Christmas eve day we gave out blankets and jackets to some of the surrounding villagers that really needed it(it actually gets cold here and the villagers suffer so much with no blankets or jackets). Then our kids all got a special Christmas Eve treat, a puffed rice and molasses ball(modified rice krispy treat) which they enjoyed thoroughly! As a special vespers that night the kids did a Christmas play we’d been working on with them, it was cute J Then, as hard-core as ever, the Bengalis went caroling AGAIN! Collecting still more taka and dancing at every hut around. I enjoyed my one and only packet of hot cider to celebrate this unique Christmas Eve J
Our Charlie Brown christmas tree :)



Issac's puffed rice molasses ball(Christmas Eve treat)
Then it was Christmas Morning, the happiest morning of the year! The kids knew it and couldn’t help showing it through all their huge smiles and sparkling eyes. It was an extremely unique Sabbath, not only being Christmas day, but also my first Christmas spent on the other side of the world with my Bangla Hope family. Special treats for all, extra treats for the kids, and priceless faces of the children when they received or gave a little gift. Christmas night we had a program with several special numbers; 3 guys singing ‘We Three Kings’, an English carol by the older kids, a Bengali carol by some staff, and an impromptu Silent Night by all the foreigners present! They turned the lights off, handed us candles, then in the middle of the song began spraying foam snow on us!  I was so surprised I finished the song half-laughing! There is no snow in Bangladesh, so the kids were quite perplexed when this foam landed on them and everyone was telling them it was snow J Grammy and Mr. Waid, who dressed as Santa Clause, handed out gifts for EVERYBODY, staff and kids alike.
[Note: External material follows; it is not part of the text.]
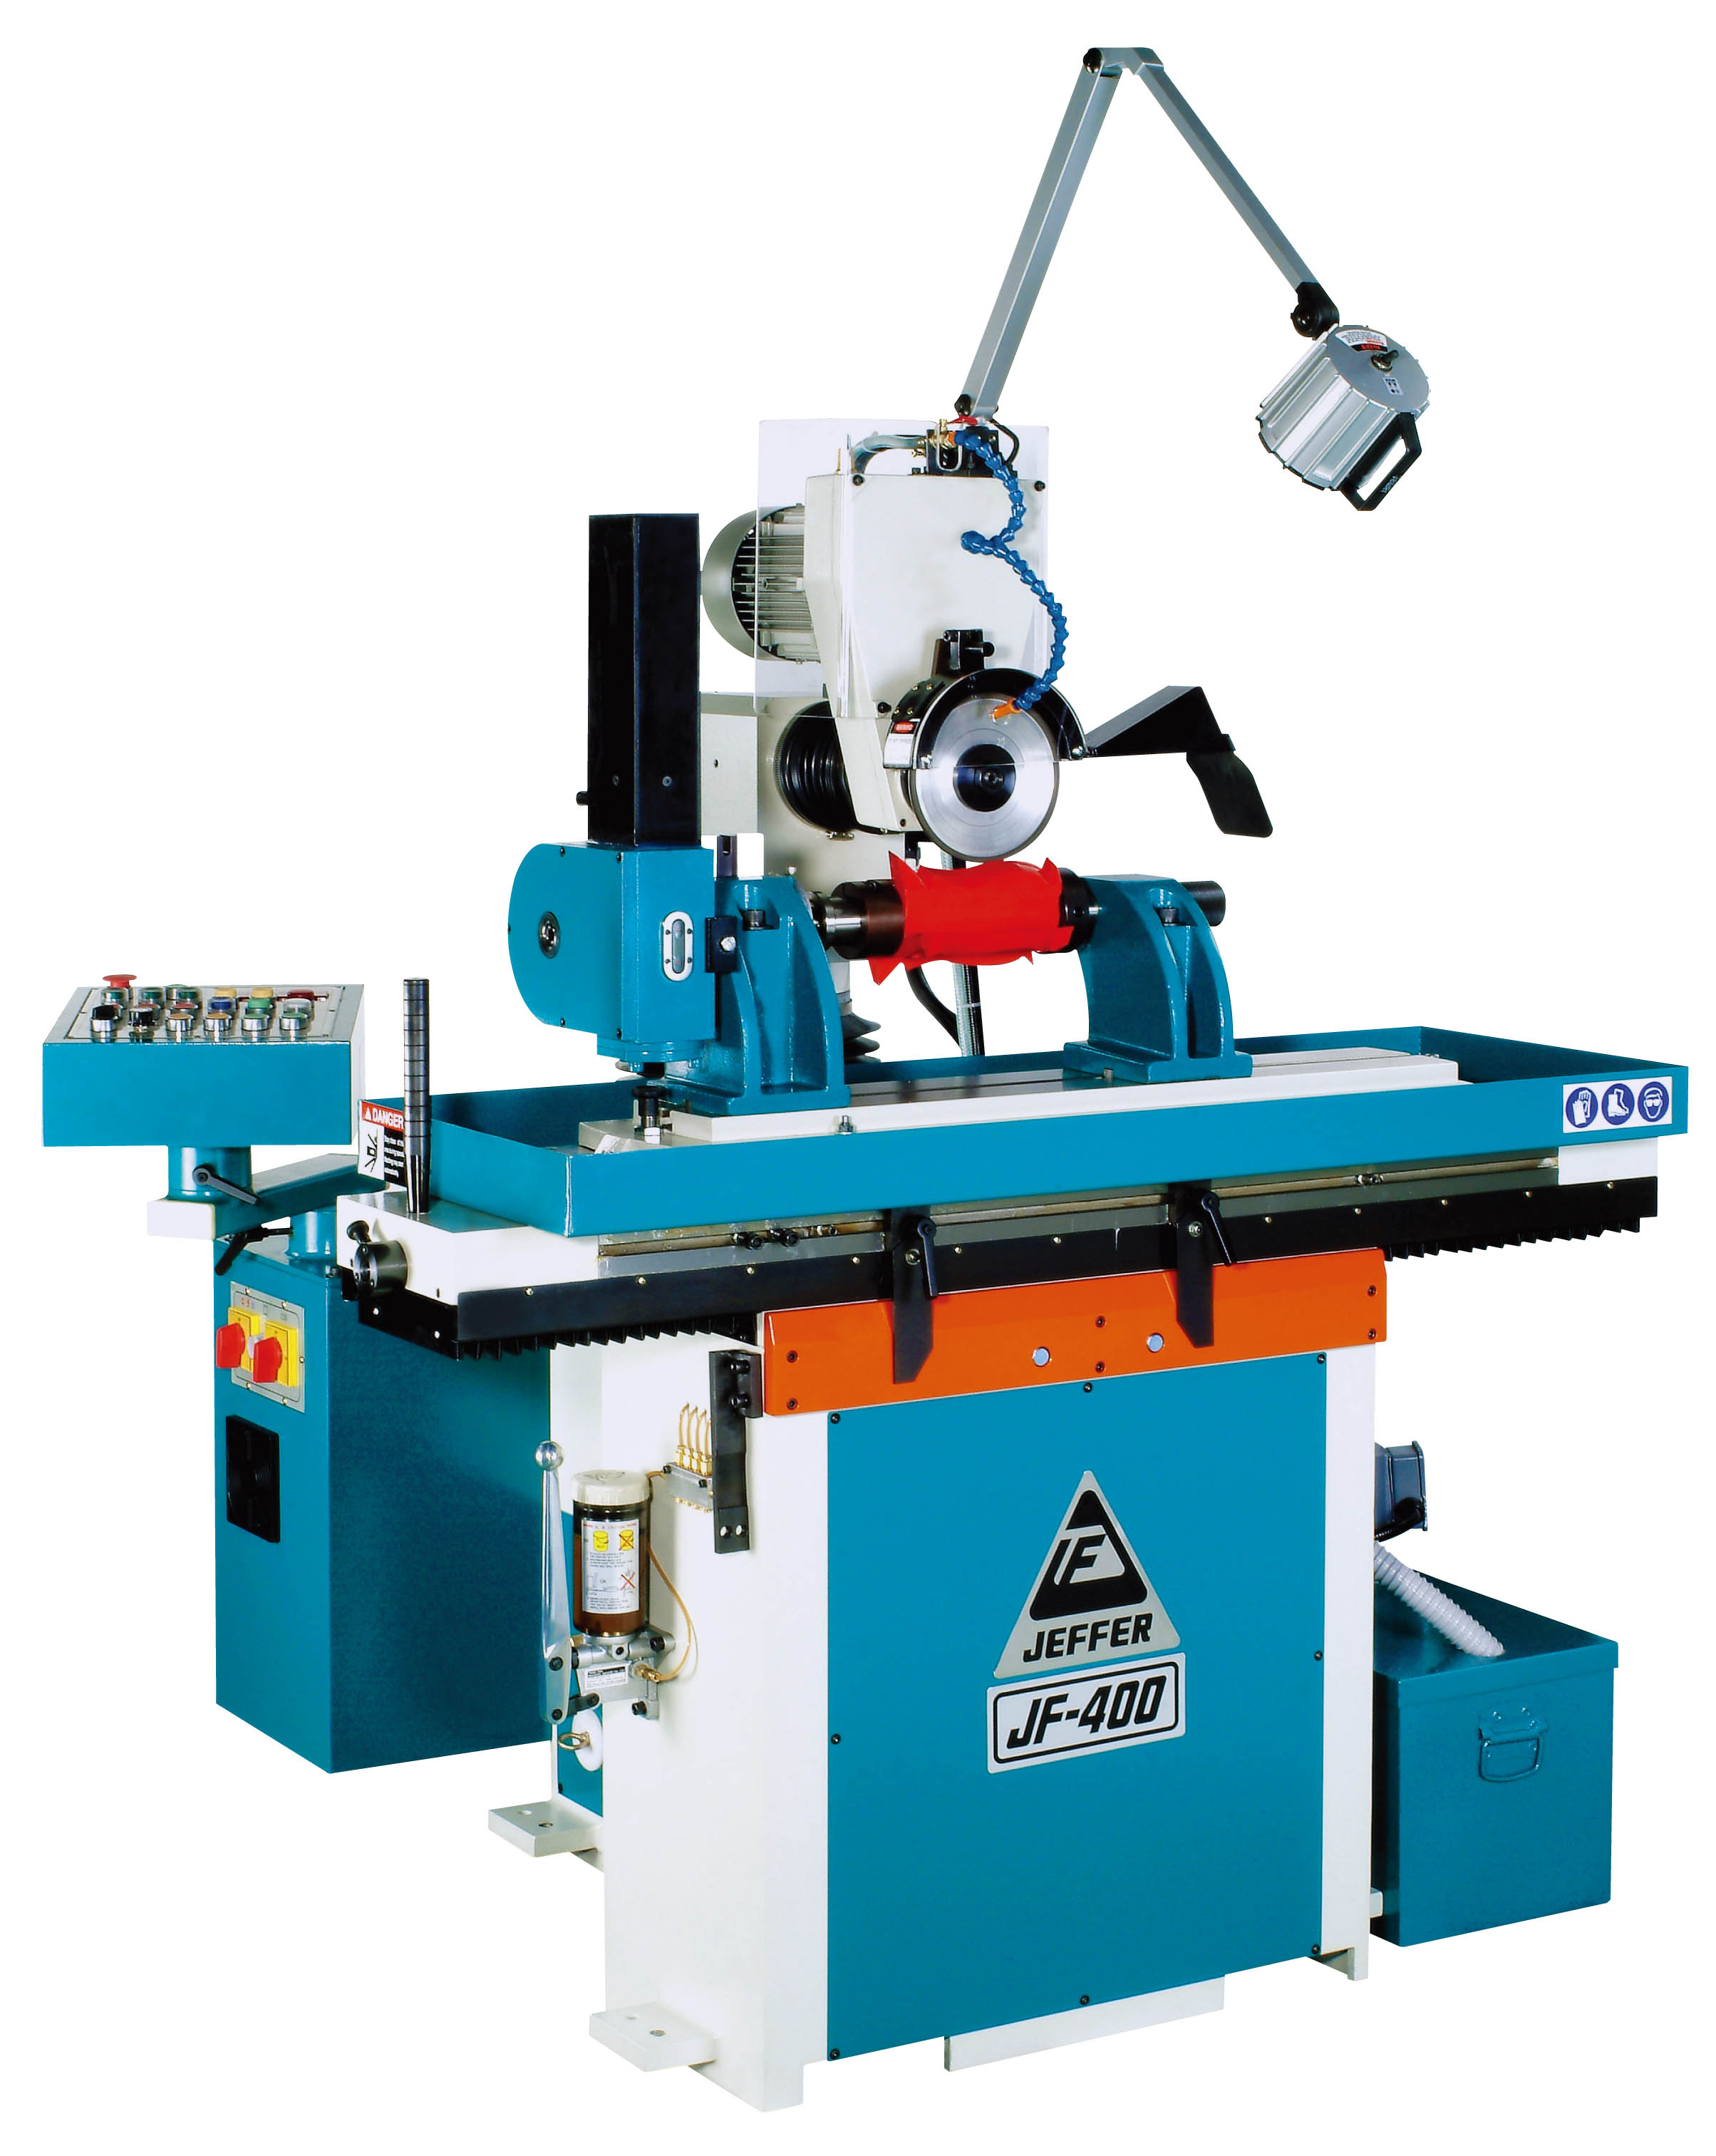 JF-400 AUTOMATIC TOOL GRINDER

From clothes to cars and dolls and purses and pens, the kids could not contain their excitement, “Kelsey teacher! Look at! Look at what Grammy gave!” then they would pull out everything from their ziplock bag and show each treasure one-by-one. The excitement was contagious and I found myself having one my happiest Christmas experiences right there with those kids, marveling alongside them at the joy such simple things can bring. In a world with such advanced and complicated gadgets and ideas, it does not seem often enough we’re able to experience such pure joy from the beautiful simplicities God created. This Christmas has reminded me that true happiness often comes from the simplest things of life.